Такие стаи были сущим бедствием повсюду. Они были плоть от плоти режима, который с первого мгновения, как возник, ставил человека ни в грош, возведя произвол и насилие в норму, изо дня в день доказывая, что все дозволено. И потому отребье по всей стране уверовало: так есть, так должно быть.
Ключников надеялся, что они покуролесят и отстанут, но, не получая отпора, они лишь наглели и расходились; уразумев, что все их боятся, они победно озирали вагон.
Один из них был верзила, вероятно, спортсмен, он надменно бычился и свысока, лениво поглядывал по сторонам; он был накачан без меры, майка едва не лопалась на груди, и как все верзилы, он был медлителен и сонлив.
Ключников окинул взглядом вагон: рассчитывать на помощь не приходилось. Пассажиры помалкивали, делали вид, что происходящее их не касается, но понятно было, что они боятся.

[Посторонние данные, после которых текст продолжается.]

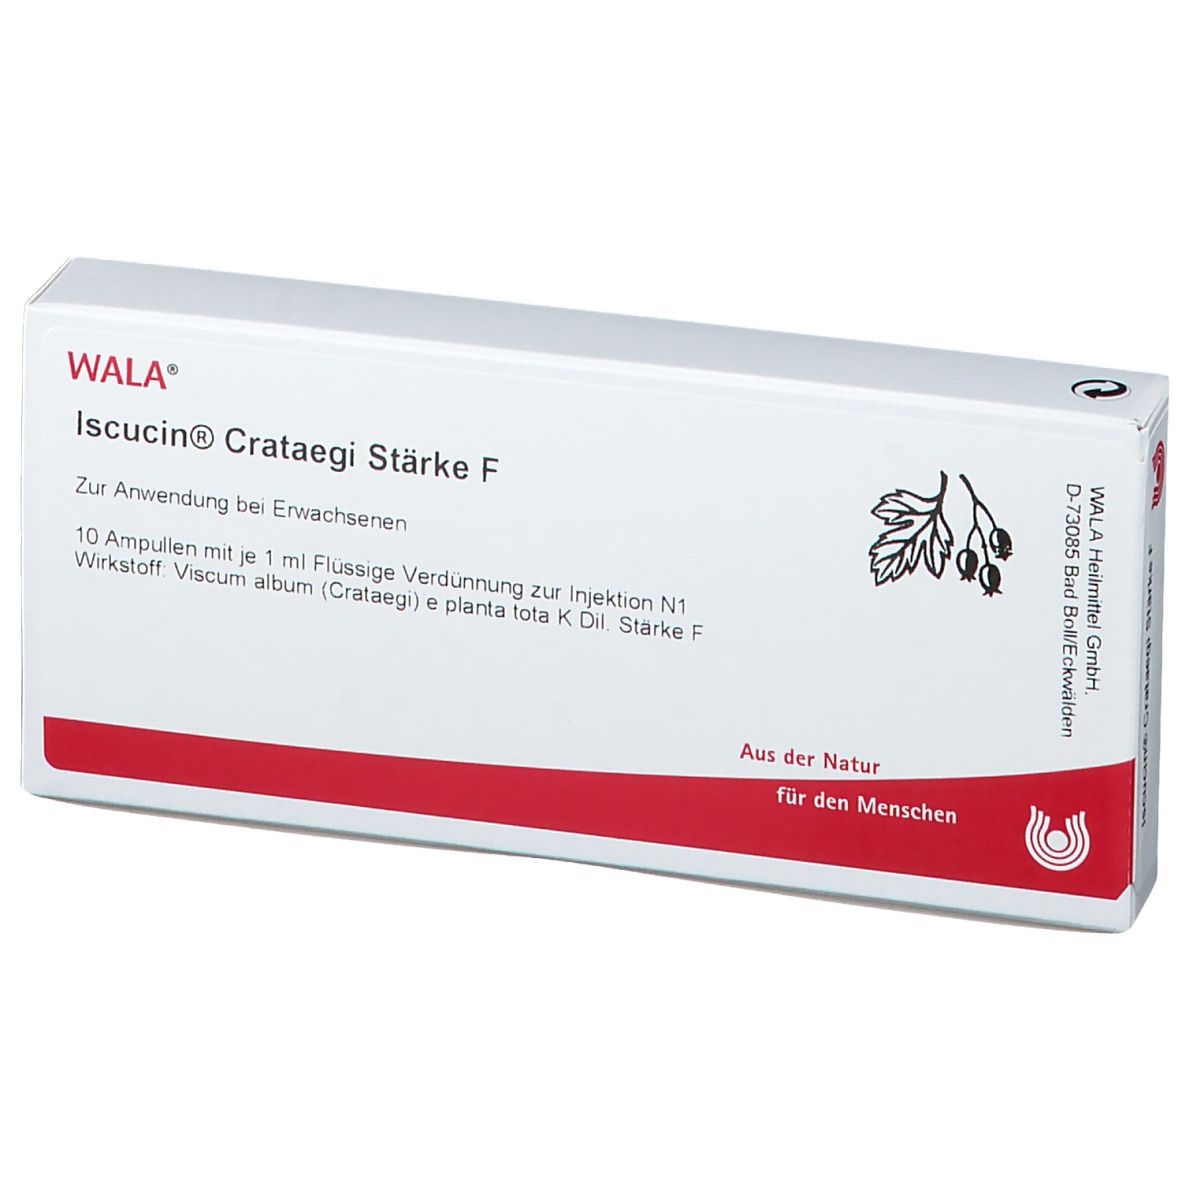 WALA® Iscucin Crataegi Staerke F Amp.

В вагоне повисла зловещая немота, в тишине стучали колёса, и было что-то мёртвое в общем молчании, как будто всех разбирала общая хворь. Но то был страх, тошнотворный страх, каждый, кто прятал глаза, полагал, что если не встревать, то его не тронут, иные глазели с любопытством, посмеивались, а на лицах некоторых держался неподдельный интерес.
Впереди предостерегающе завыла сирена, вагон мчался стремглав, раскачиваясь на рельсах, и отчаянный медный вопль был в ночном пространстве, как трубный глас свыше; далеко окрест, тем, кто слышал его, становилось не по себе.
Ключников присмотрелся и определил в стае коновода, им оказался рослый блондин с длинными волосами. У него были шалые глаза и что-то безумное в лице, нескончаемая истерика, понятно было, что он постоянно взъяривает себя и готов на все, чтобы доказать свою власть.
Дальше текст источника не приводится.